For quality, critical, or hard to service devices, it may be important to identify when there are hardware (or software) degrades or develops faults. When such a problem is found, the design may call for the device to stop operating or reduce performance and functionality it is replaced. This might be a system intended to be deployed in the field for a long time (possibly in inaccessible or not readily serviceable areas). It might be a system with safety considerations. Or one where the customer is buying based on quality for their own reasons.
These ideas and techniques are long standing (some date back more than half a century). They are simple enough to be included in even basic microcontrollers. While I will be focusing on what software can contribute, there are numerous hardware techniques (e.g. ECC memory) that can be done as well.
The simplest integrity check is to continuously scan memory regions, to verify that the contents have not changed unexpectedly. This can be used to check that read-only (and infrequently changed) memory - such as program memory - has not changed. The basic process to continuously perform incremental CRC checks on the memory. CRC's are compact and fast enough for most platforms. (Although a particular CRC may not be appropriate for all platforms). These are good for finding single bit errors, error runs, and so forth. Of course, a CRC doesn't find malicious errors - that is to say it is possible for someone to craft memory corruption that passes the CRC check.

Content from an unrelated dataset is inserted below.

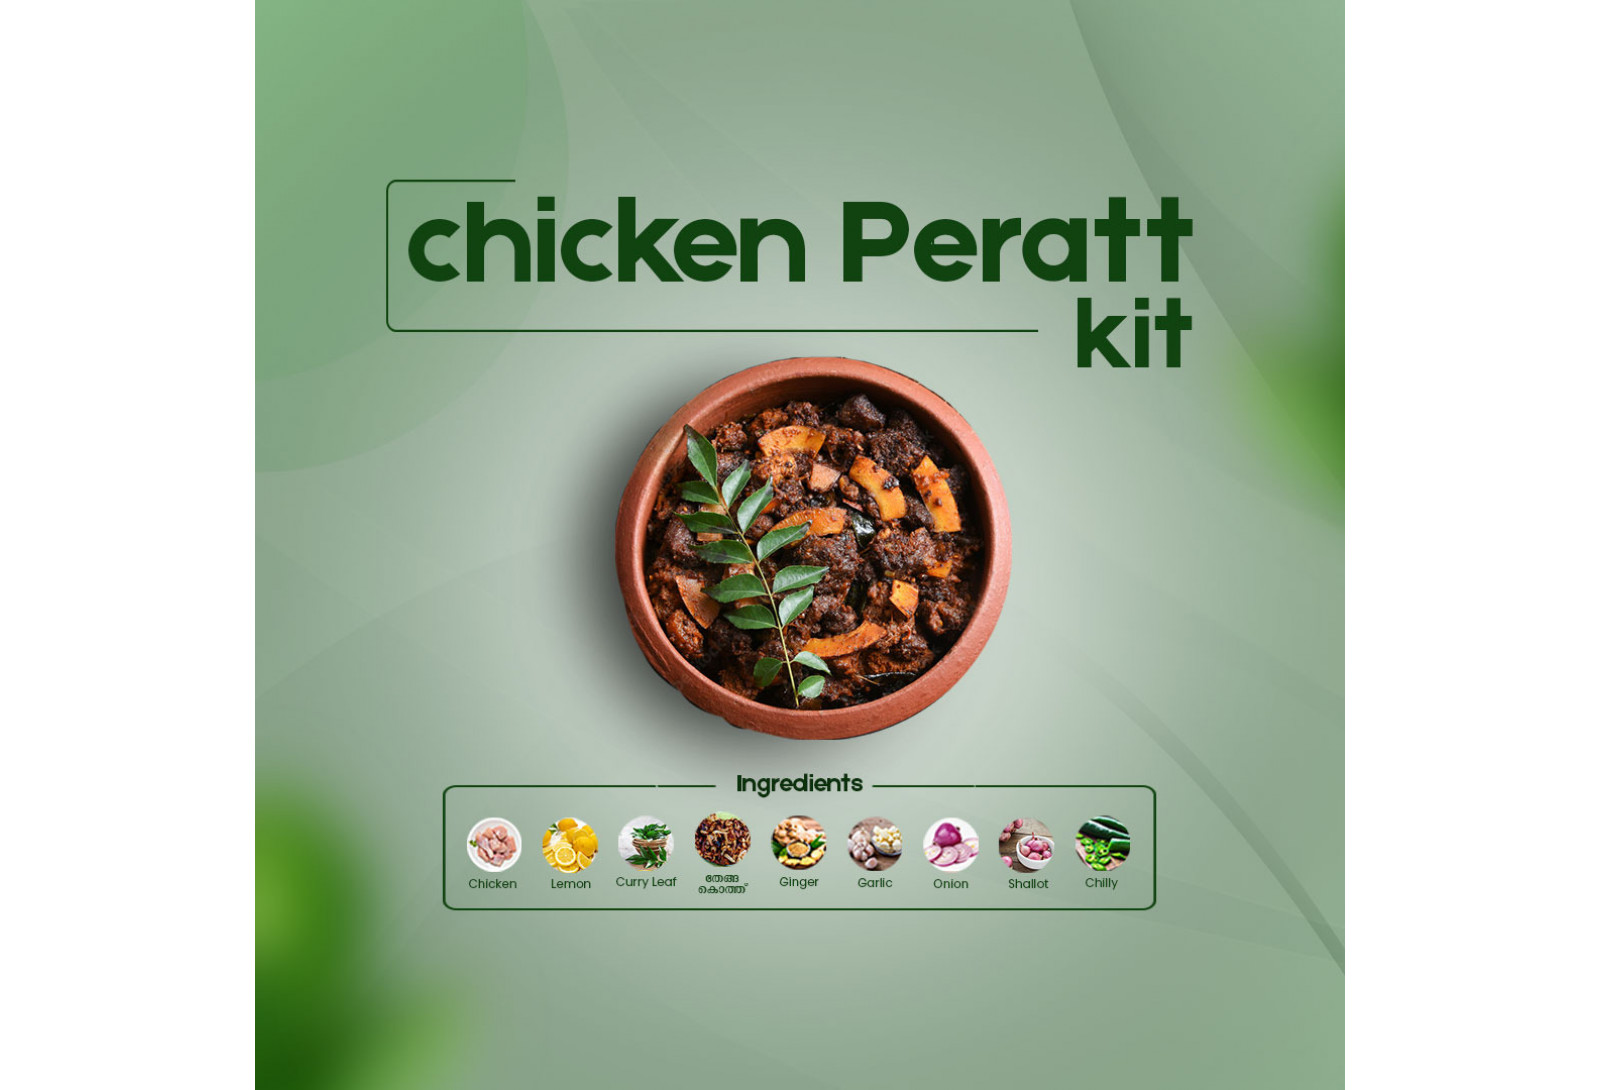 Instant Chicken Peratt Kit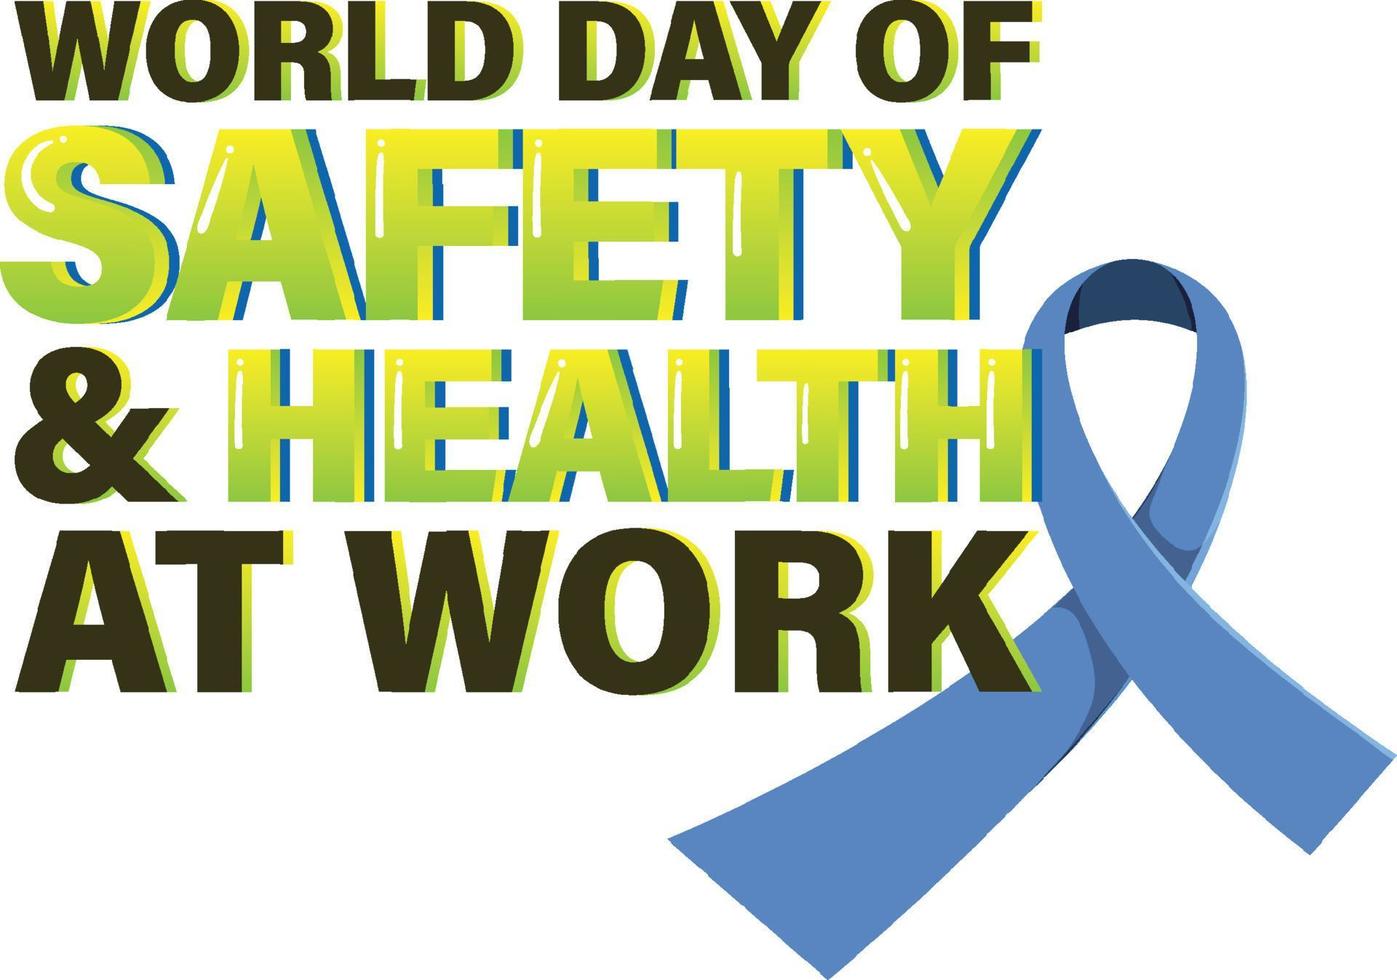 världsdagen för säkerhet och hälsa på jobbet logotypdesign vektor

The basic process for integrity checking is:
I mentioned that this process should be applied to all of the read-only and infrequently changed storage in the system. Often there are several such memory regions. Such regions may include:
Can do the checks sequentially, in parallel or a combination of those. A different check state value for each the ones done in parallel or moves from onto the next. I recommend that this process be used to check each of the different "read only" regions of memory to ensure their integrity.
This should include regions of memory that are empty or unused ' that is, have no code or data, but still is still a storage area. In that way, it can help, capture errant writes.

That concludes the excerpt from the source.